Tuesday, May 09, 2006

Surveillance in Wartime is Nothing New

This is interesting:

IN A BOLD AND CONTROVERSIAL DECISION, the president authorized a program for the surveillance of communications within the United States, seeking to prevent acts of domestic sabotage and espionage. In so doing, he ignored a statute that possibly forbade such activity, even though high-profile federal judges had affirmed the statute's validity. The president sought statutory amendments allowing this surveillance but, when no such legislation was forthcoming, he continued the program nonetheless.
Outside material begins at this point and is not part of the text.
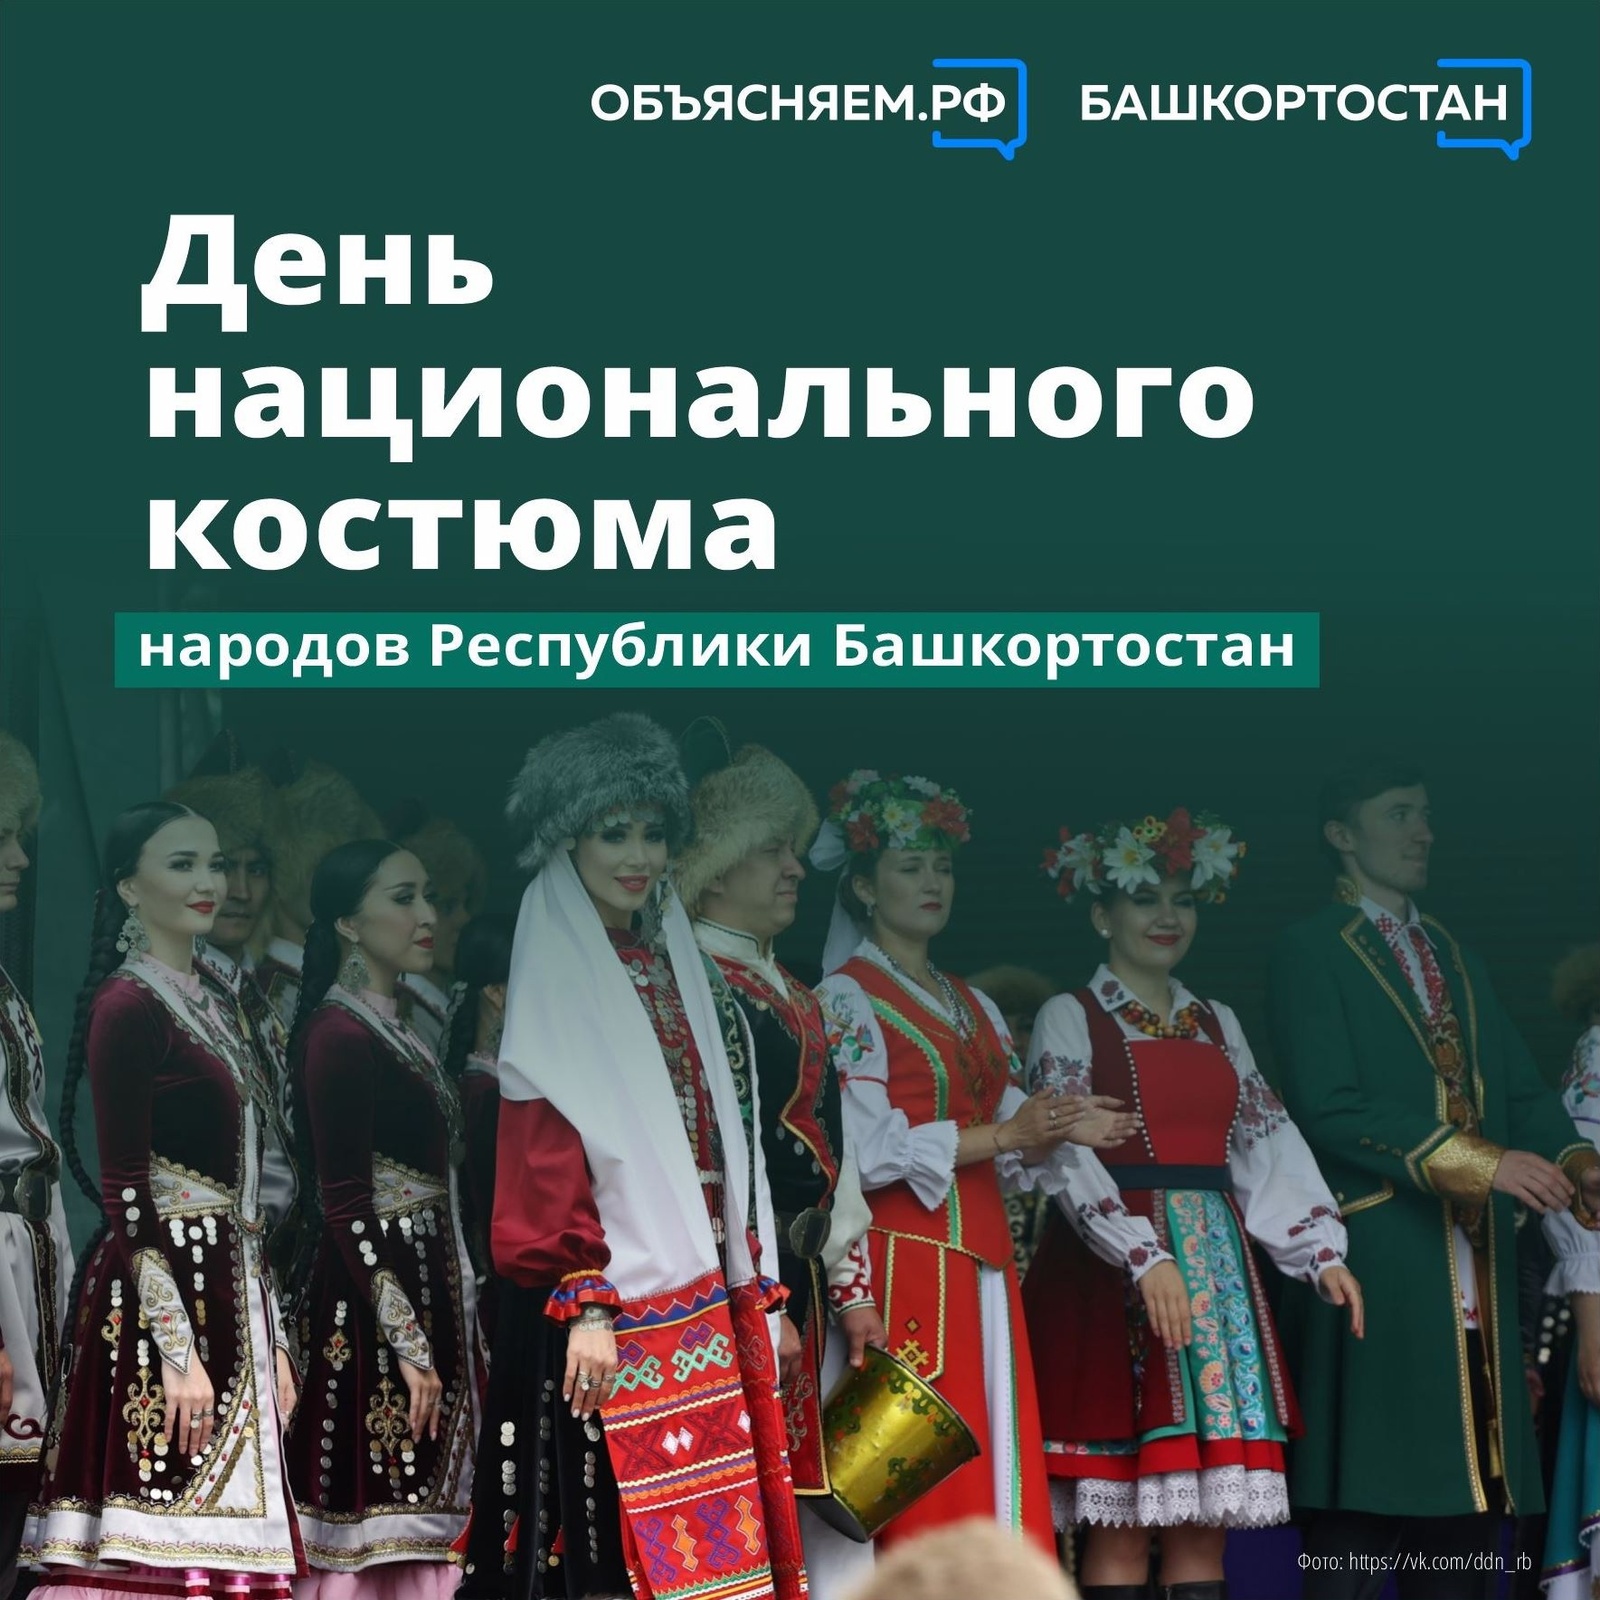 День национального костюма народов Республики Башкортостан отмечают дважды в год — в третью пятницу апреля и вторую пятницу сентября, начиная с 2020 года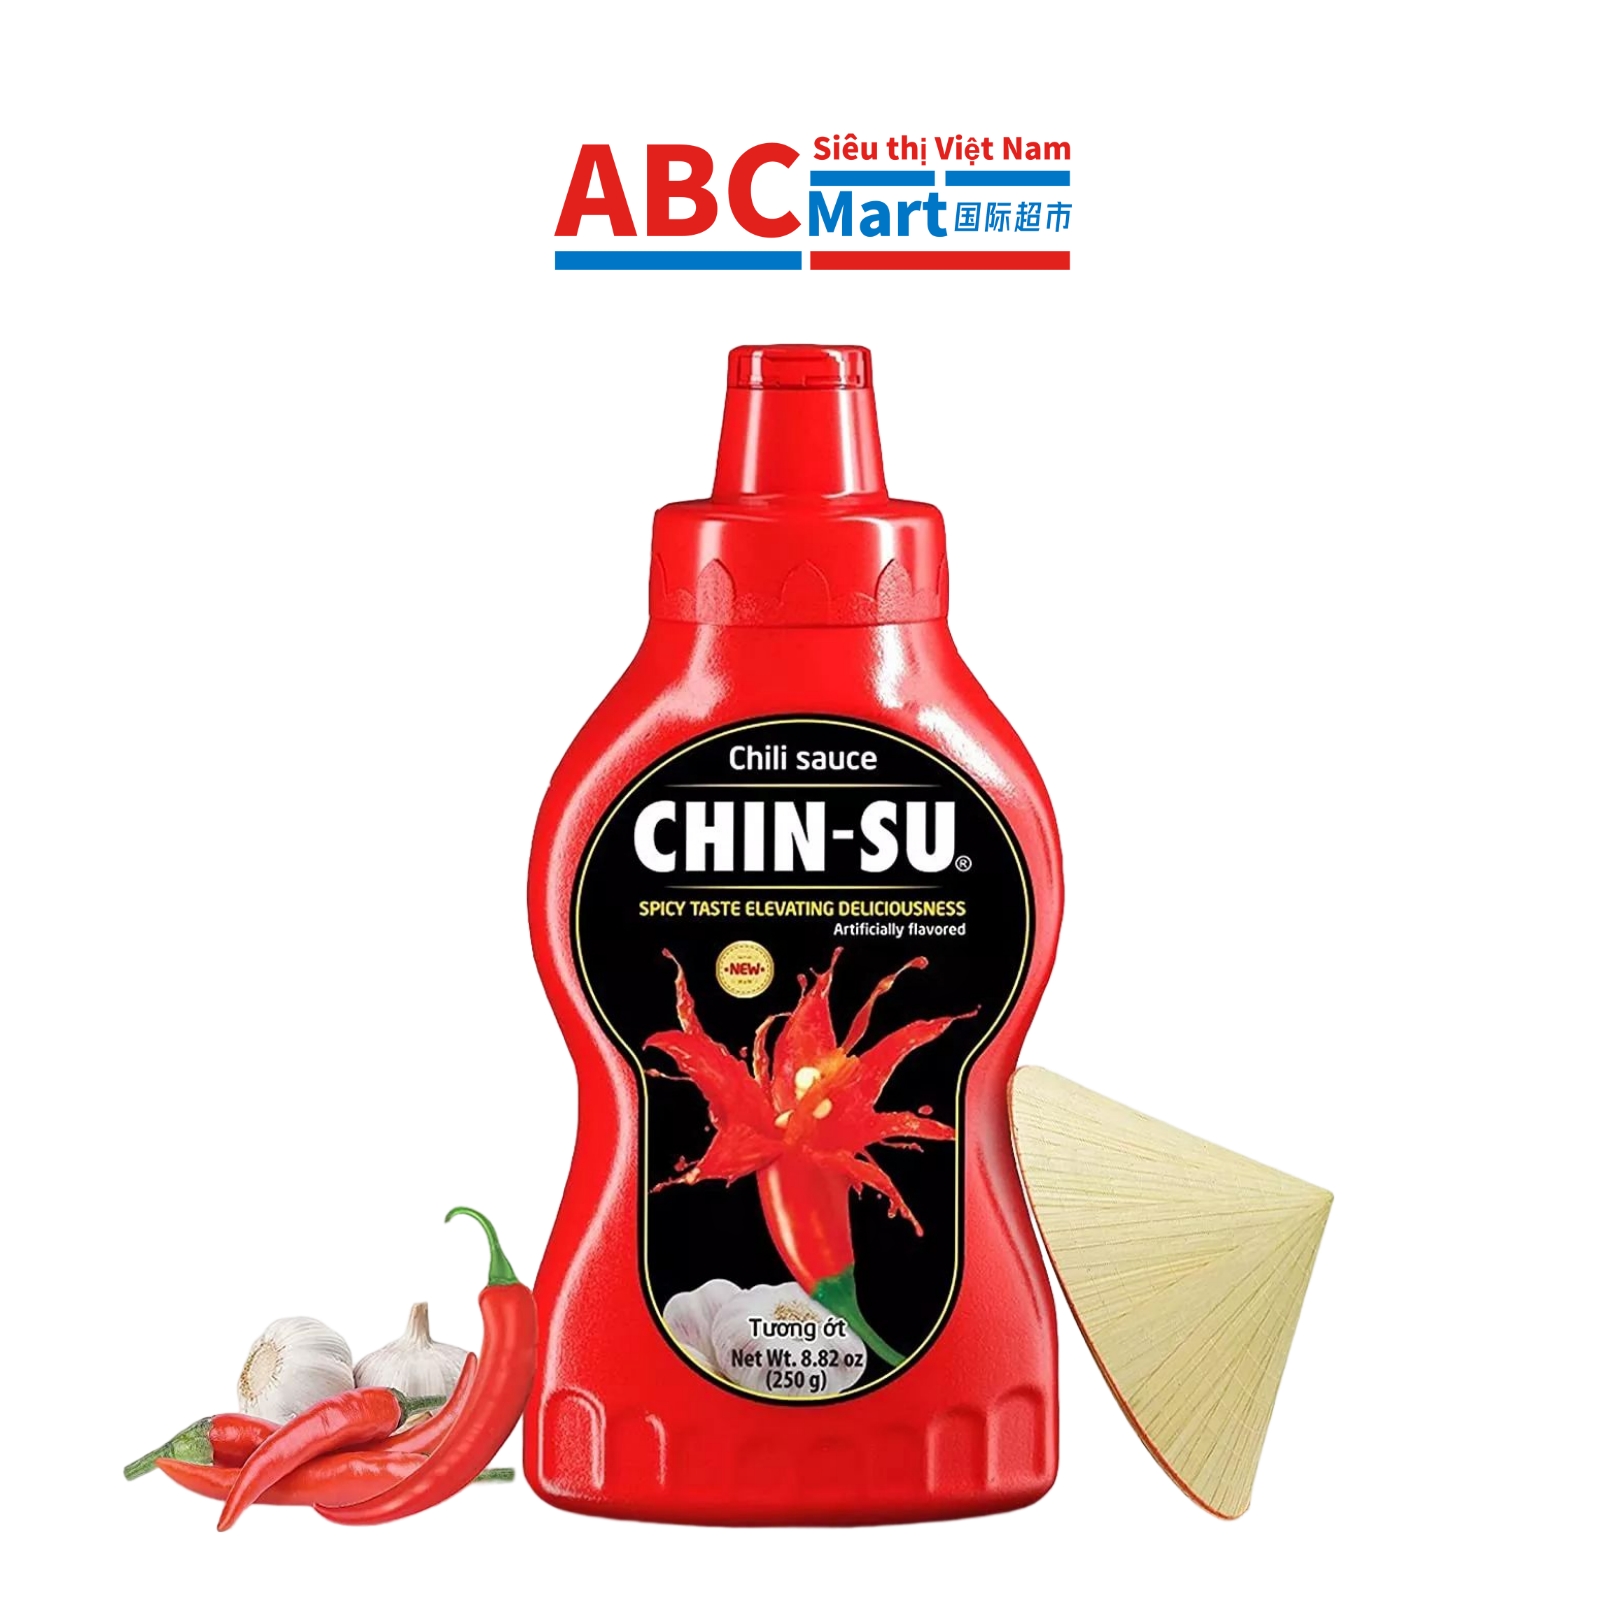 【Việt Nam-Tương ớt Chinsu chai 250g】金苏蒜蓉辣椒酱250g-ABCMart 国际超市

And when Congress demanded that he disclose details of the surveillance program, the attorney general said, in no uncertain terms, that it would get nothing of the sort.

A casual observer would probably come to the conclusion that the above paragraph is the beginning of an article about what our friends in the media gleefully refer to as "President Bush's Domestic Surveillance Program". They would be wrong:

In short, President Franklin Delano Roosevelt charted a bold course in defending the nation's security in 1940, when he did all of these things.

Those who are questioning President Bush's decision to authorize such surveillance in the interest of our national security would do well to read this entire article.

There are times when a sitting president finds himself facing dire circumstances that require a course of action that might ruffle a few feathers here and there, but in the end, the decision to follow that course of action may save countless lives. Defending America from enemies that have proven they will kill us, qualifies as a dire circumstance in my book.

Roosevelt, a Democrat, found it necessary in World War II and that "controversial" decision probably saved lives. President Bush has found it necessary now and should not have to worry about naysayers from either party who are making a political issue out of the defense of this nation.

When you get right down to it, the world is much smaller today than it was then and our oceans no longer provide a defense against, or a warning of, an approaching threat. In a sense, the decision by President Bush to authorize the warrantless surveillance, is more critical now than it was in the days of FDR. There is simply too little time to jump through hoops and beg the permission of a court to wiretap a phone with a suspected terrorist on one end of the line. In this day and age, one minute ago might still be too late.

I'm not one who would ordinarily support government haphazardly intervening in the lives of ordinary citizens, but if the goal of that intervention is to stop a terrorist before he can complete his mission, they can wiretap my phone for all I care.

I'm not excluding the Republicans who have jumped on the NSA probe bandwagon by any stretch, but it seems ironic to me that many of the so-called party of FDR will jump in front of the nearest microphone and claim the president has acted egregiously and irresponsibly by wiretapping American citizens. They conveniently leave out the part about a suspected terrorist being on the other end of the line, and if they have any knowledge of history prior to the 1960's, then they should know full well that surveillance during wartime is not a new concept- it was practically perfected by one of their very own.

That is, if they'll still claim him.